Step 4: Ensure DynamoDB tables and code that references them use the prefix

In my example I use lambda functions to access a DynamoDB table, but a similar approach should work for other code accessing the table.

To do this, firstly I add an environment variable to the lambda function called TablePrefix, and set it to be the IsolatedStackPrefix.

      Environment:
        Variables:
          env: !Ref Environment
          TablePrefix: !Ref IsolatedStackPrefix

I then ensure that whenever I go to do an operation on the table, I check the environment variable and add the prefix first. If your code is structured well, this should be reasonably easy to achieve. In my case, I simply created DynamoDBHelper class that created a DynamoDBContext, and then wherever I needed a DynamoDBContext replaced it with this helper.

public static class DynamoDBHelper
{
    public static DynamoDBContext CreateDynamoDBContext(this IAmazonDynamoDB client)
    {
        var prefix = Environment.GetEnvironmentVariable("TablePrefix");
        var config = new DynamoDBContextConfig();
        if (!string.IsNullOrEmpty(prefix))
        {
            config.TableNamePrefix = prefix;
        }

        return new DynamoDBContext(client, config);
    }
}
using(var context = _dynamoDBClient.CreateDynamoDBContext())
{
    //use context to access table...
}

And… you’re done!

Testing Your IAM Roles Permissions

One nice advantage of this approach is that if you are doing the right thing from a permissions point of view (i.e. scoping your permissions down to explicit resources), you should be easily able to validate this with your isolated stacks.
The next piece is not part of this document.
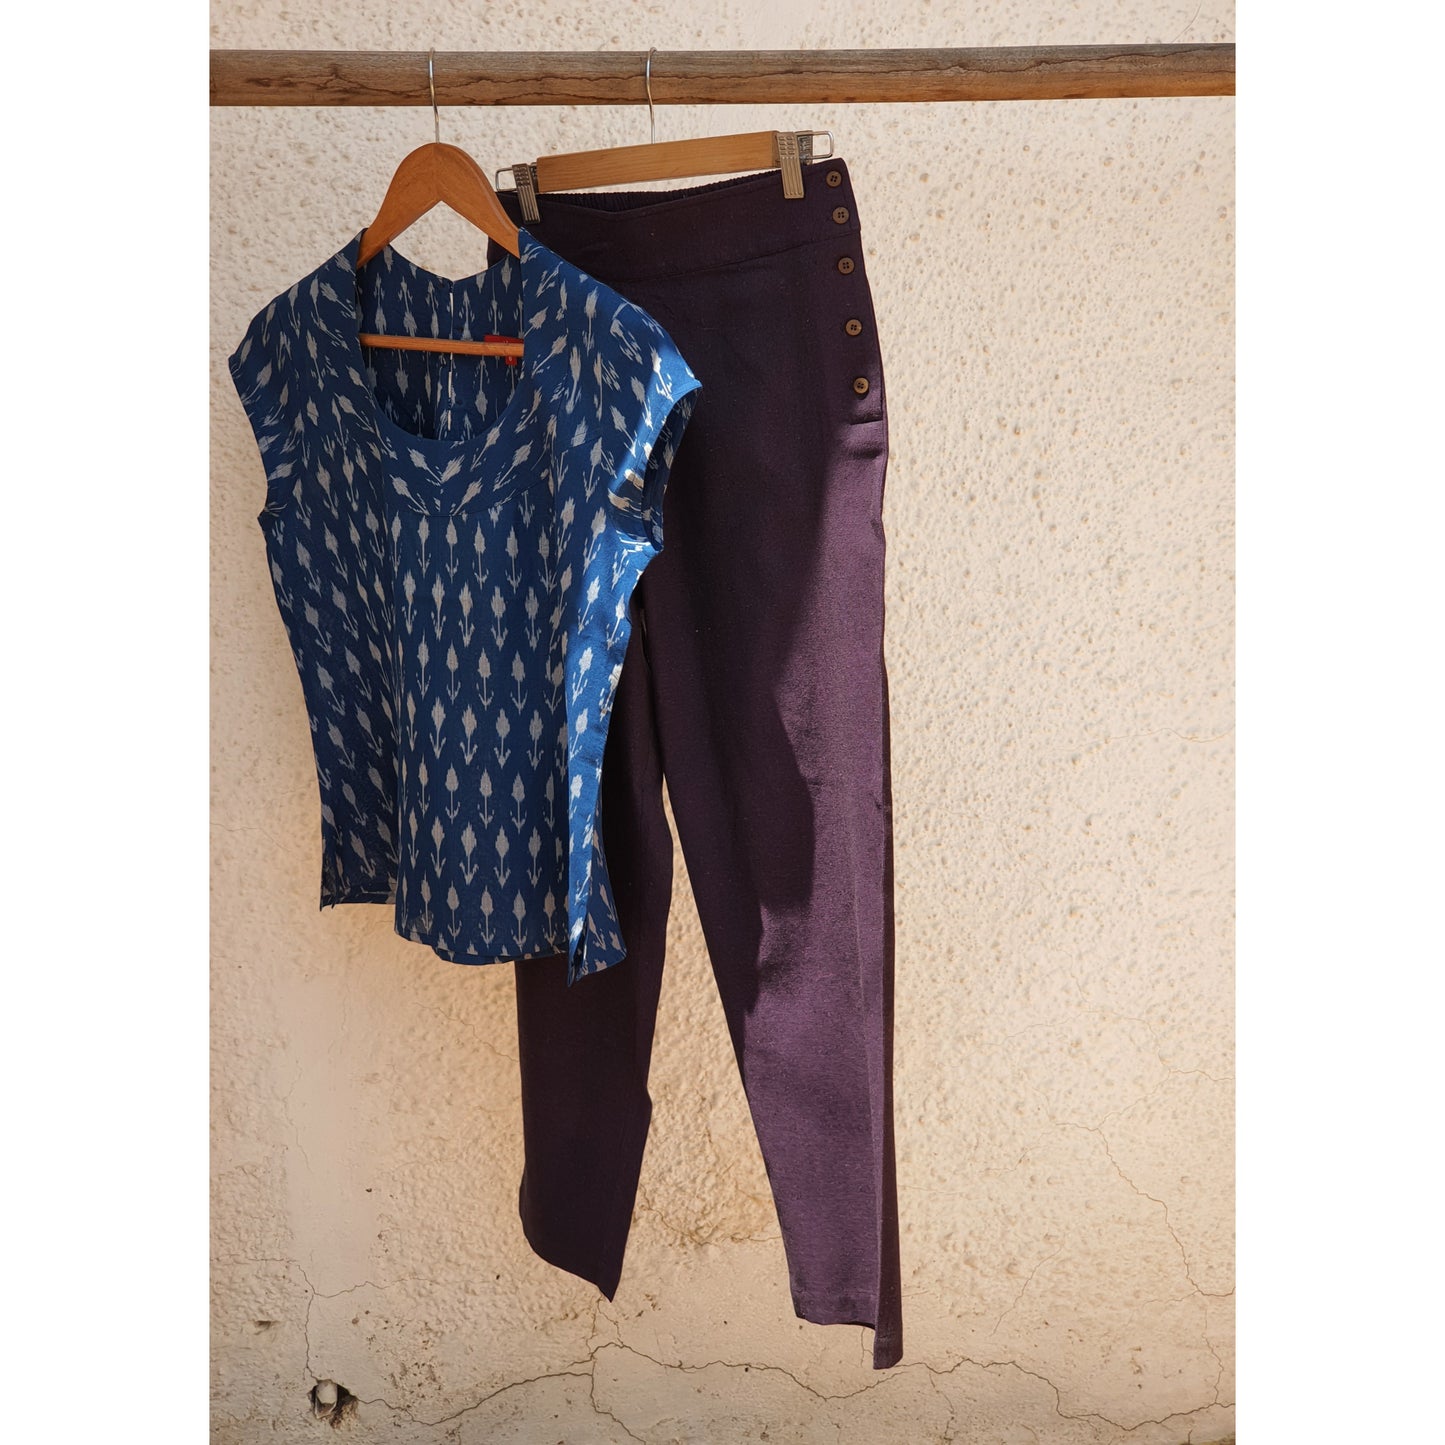 image of ink blue ikkat top paired with purple pants

For instance, if I have a lambda role that allows me to read and write to my DynamoDB table, if I were to deploy 2 separate isolated stacks (call them “bob” and “sarah”), if I went and changed the TablePrefix environment variable in sarah’s stack to “bob”, I should expect to see a whole heap of “not authorized” errors showing up in my cloudwatch logs when I tried to run sarahs lambdas.

Final Suggestion

I like to make it really simple for developers to deploy their stacks, so I usually create one line script something like this https://github.com/scottjbaldwin/AWSCodePipelineExample/blob/main/tools/Deploy-IsolatedStack.ps1 that does the grunt work, and makes life that little bit easier.

Conclusion

Trust me, if you implement isolated stacks for your serverless application, you will be thanked by everyone in the team, and you will see the improvements in your development cycle. A small note of warning, it may become so popular and easy to do, that you may well start to see developers spinning up 3, 4 or even more of their own personal stacks as they experiment with different ideas.

*****
Written by Scott Baldwin on 09 July 2022